Corticosteroides são adequadamente indicados quando há redução da oxigenação sanguínea devido ao comprometimento pulmonar secundário ao processo inflamatório desencadeado pela covid-19. No entanto, corticosteroides não têm indicação técnica na ausência de hipóxia e lesões pulmonares, além de serem potencialmente prejudiciais, caso utilizados nos primeiros dias de sintomas, pois podem agravar a doença devido ao aumento da carga viral.
O manejo terapêutico da covid deve ser individualizado e nunca baseado na estratégia de “kits”. Estes não causam benefício, mas dano potencial, tanto no plano individual, devido a efeitos adversos ou negligência a outros sintomas pelo fato de o paciente sentir-se tratado, quanto no plano coletivo, pelo relaxamento de medidas preventivas devido à falsa sensação de segurança.
São 25 mil comprimidos de hidroxicloroquina, 25 mil comprimidos de ivermectina e 52 mil comprimidos de azitromicina adquiridos com recursos públicos ao invés de utilizá-los na aquisição de testes diagnósticos e antibióticos ou mesmo para ampliação de equipes de saúde ou na melhoria dos serviços de saúde da periferia da cidade.

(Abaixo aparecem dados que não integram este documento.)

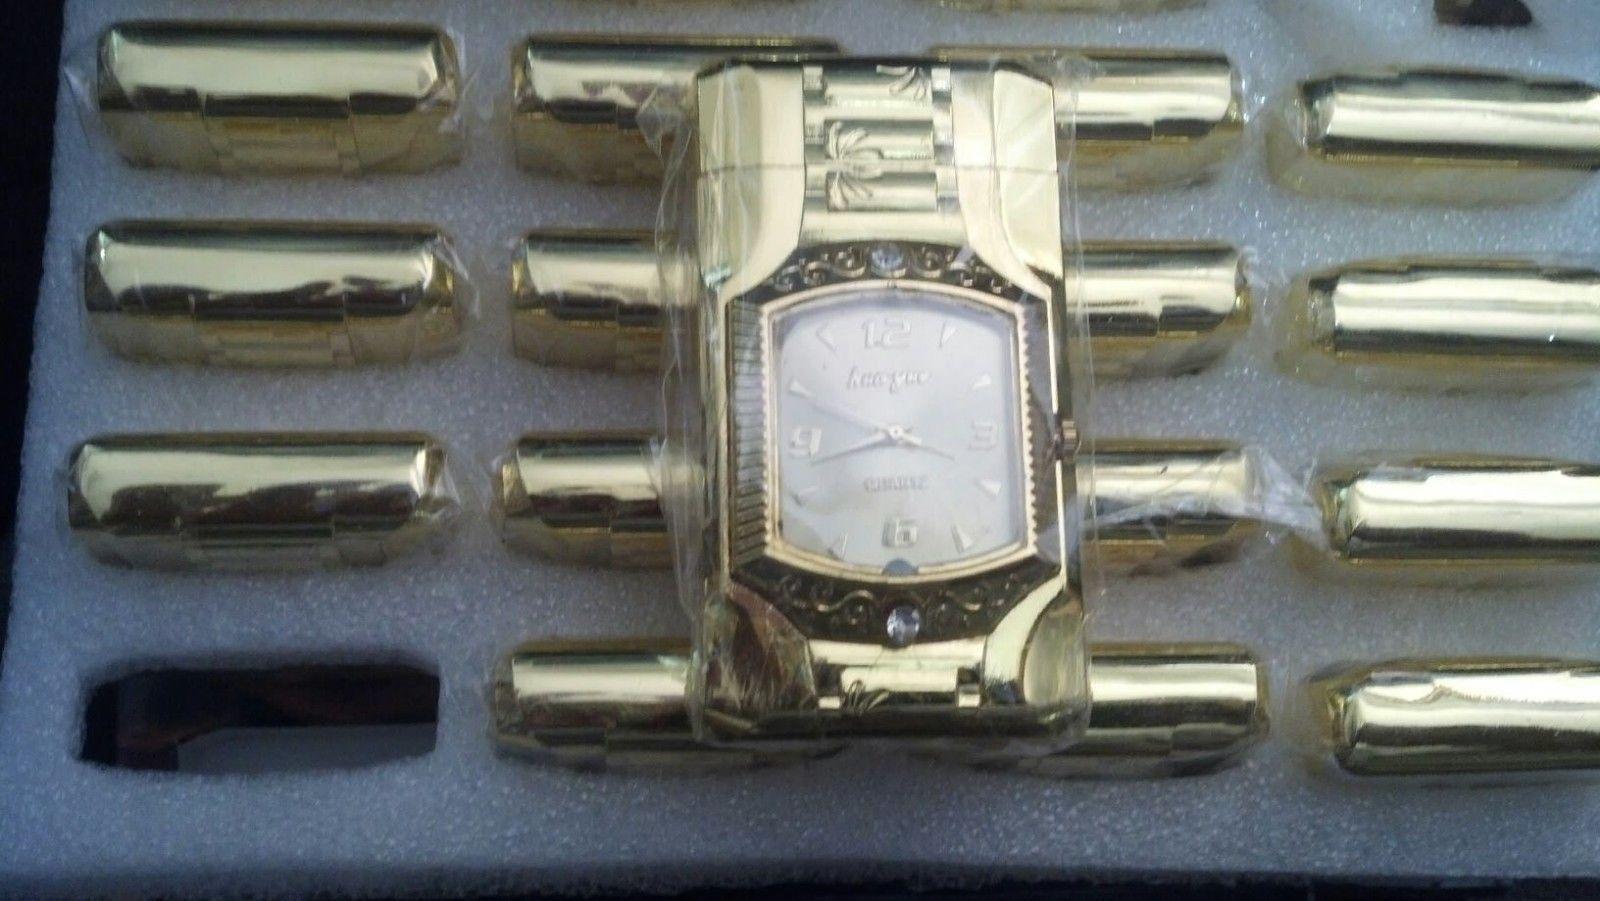 Luxurious Watch Cigarette Lighter Butane Gas Watch Lighter with LED Light - 1 pc

Diante desta pandemia, os gestores de Porto Alegre ajudariam a população se utilizassem a ciência para definir suas políticas e evitassem o emprego dos escassos recursos públicos em ações que aumentam o risco de transmissão comunitária e a mortalidade, e ainda expõem a população a tratamentos ineficazes. Sem utilizar a produção científica mundial e as melhores evidências científicas disponíveis, não conseguiremos enfrentar a pandemia.
“Hallal et al”, por Ronaldo Hallal
Ronaldo Hallal é médico, infectologista e consultor da Sociedade Riograndense de Infectologia.